▸ **About this exercise**
No picture belongs in the copy. Repeat each line below exactly.

▸ **Information supplied**
□ □ □ □

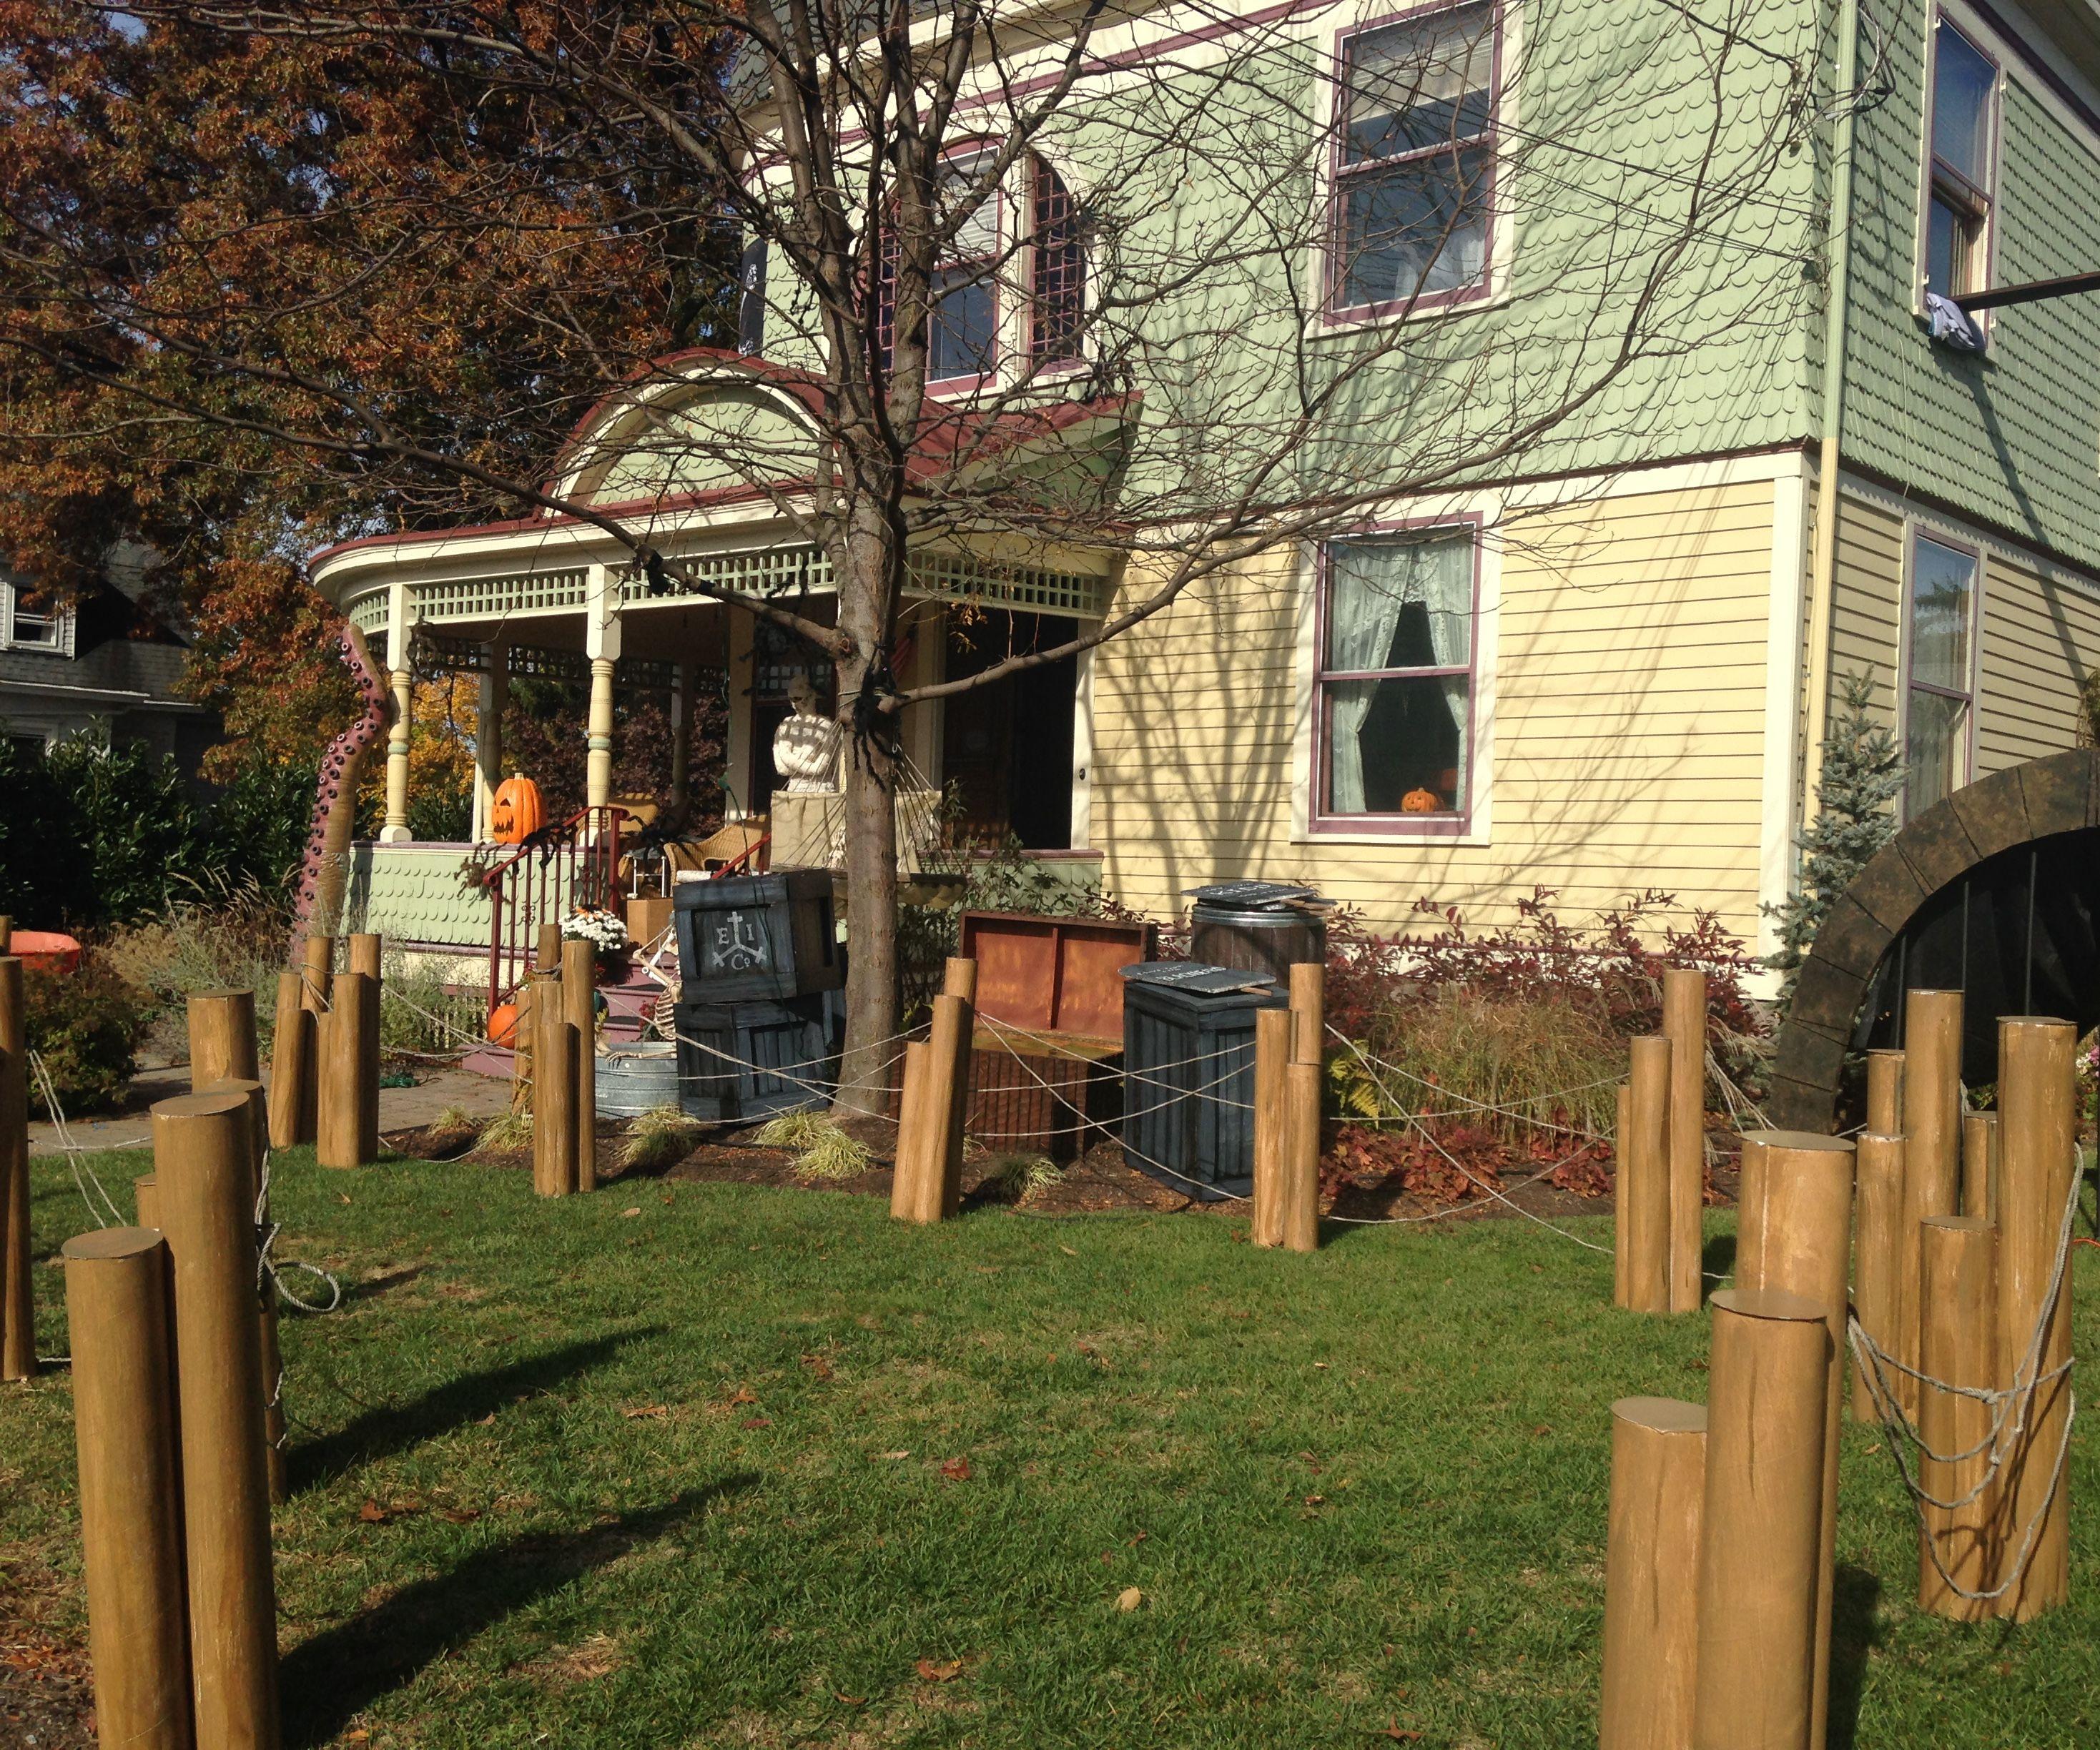 CardBoard Dock Pilings for Halloween Fence
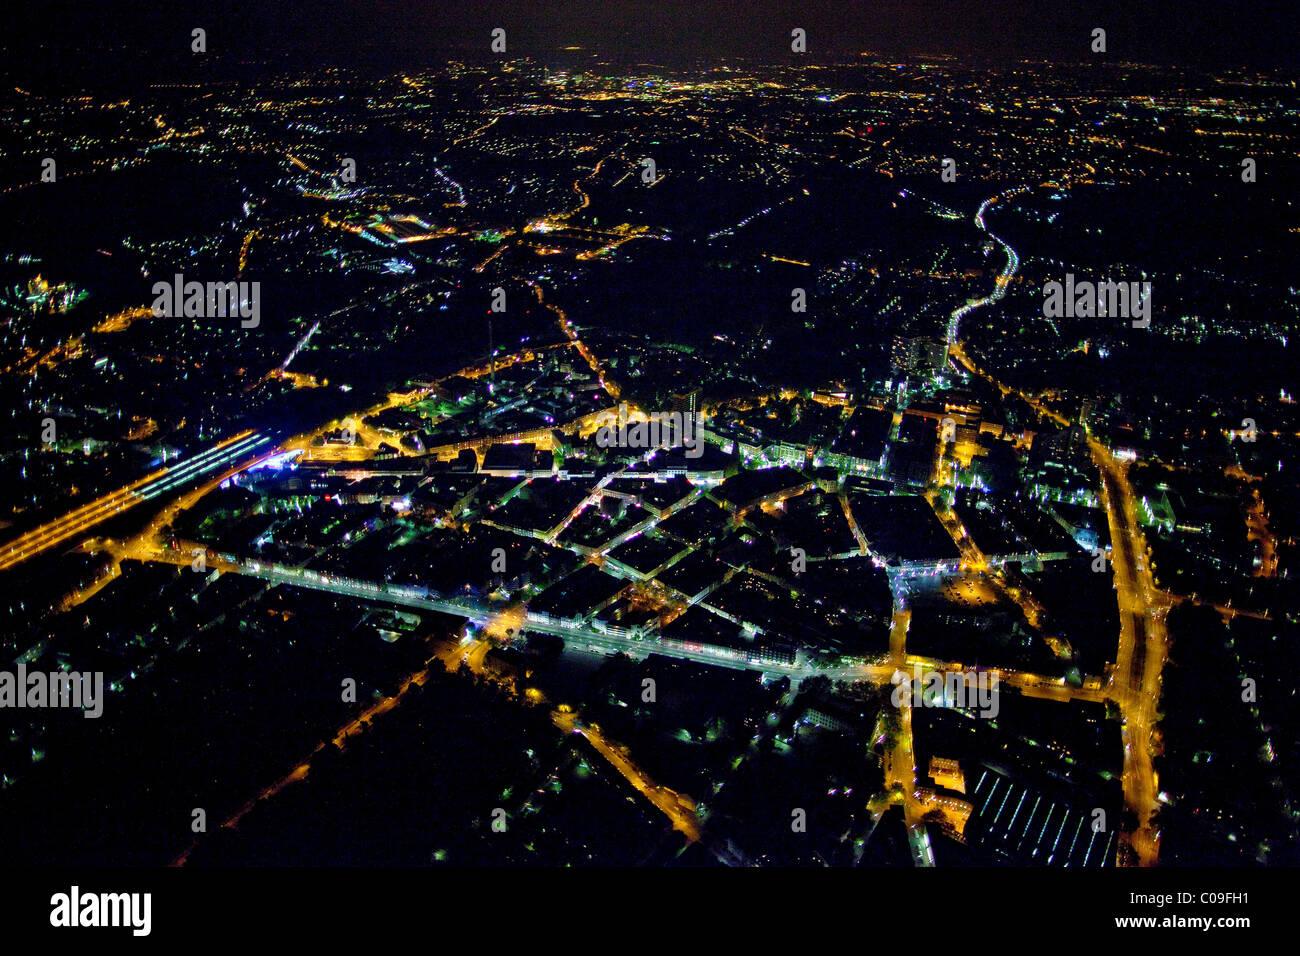 Aerial view, night shot, Gelsenkirchen, Ruhrgebiet region, North Rhine-Westphalia, Germany, Europe - Stock Image
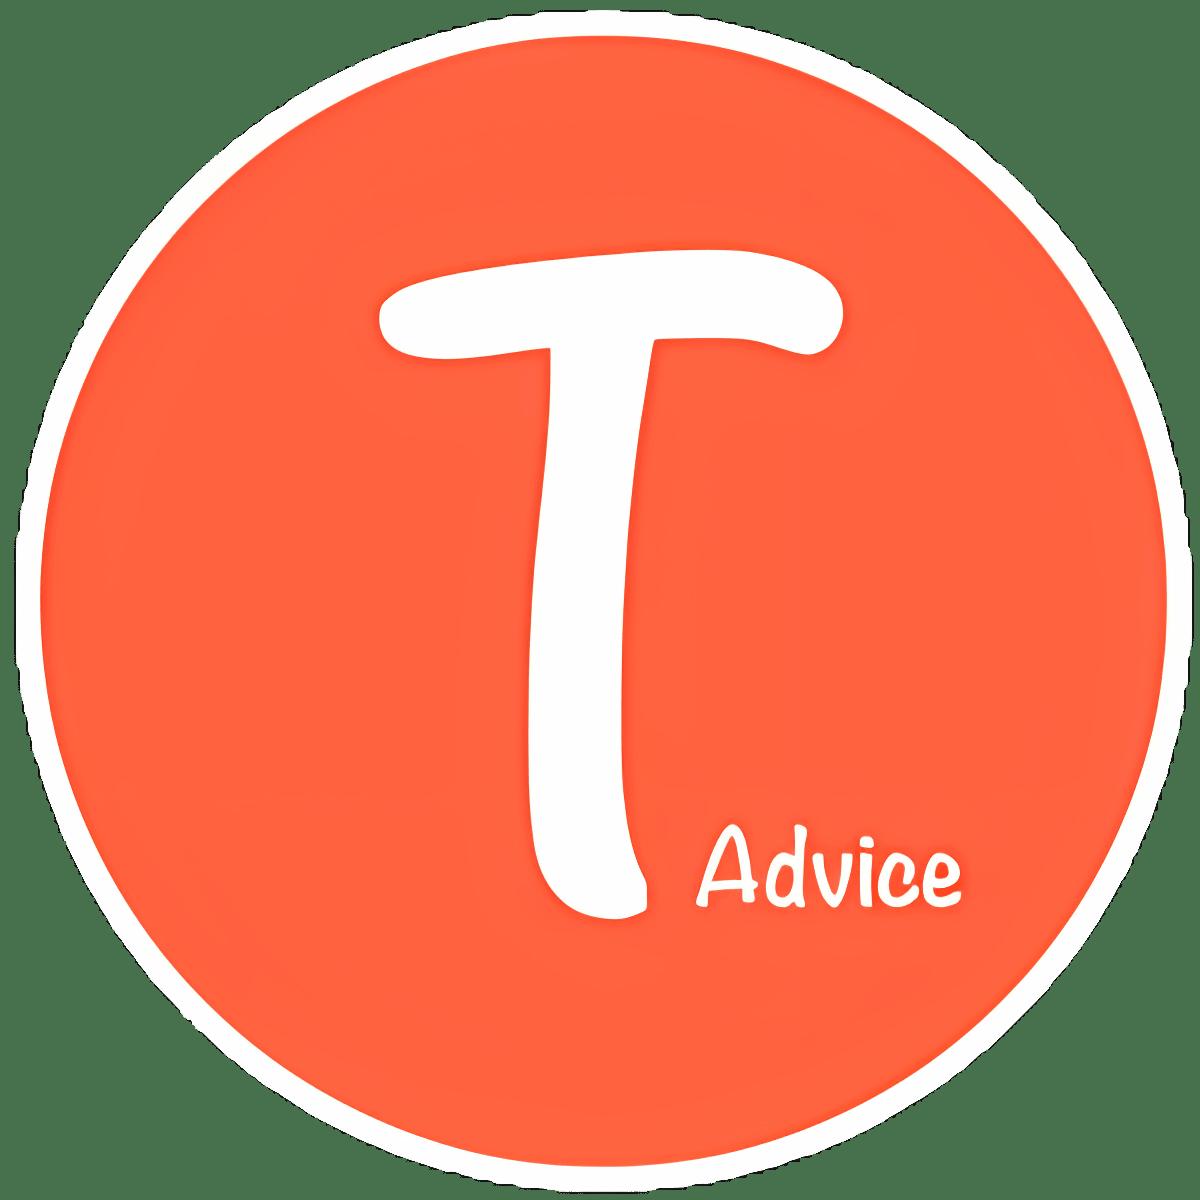 Free Tango Video Chat Advice

□ □ □ □

▸ **Written response**
 CardBoard Dock Pilings for Halloween Fence
 Aerial view, night shot, Gelsenkirchen, Ruhrgebiet region, North Rhine-Westphalia, Germany, Europe - Stock Image
 Free Tango Video Chat Advice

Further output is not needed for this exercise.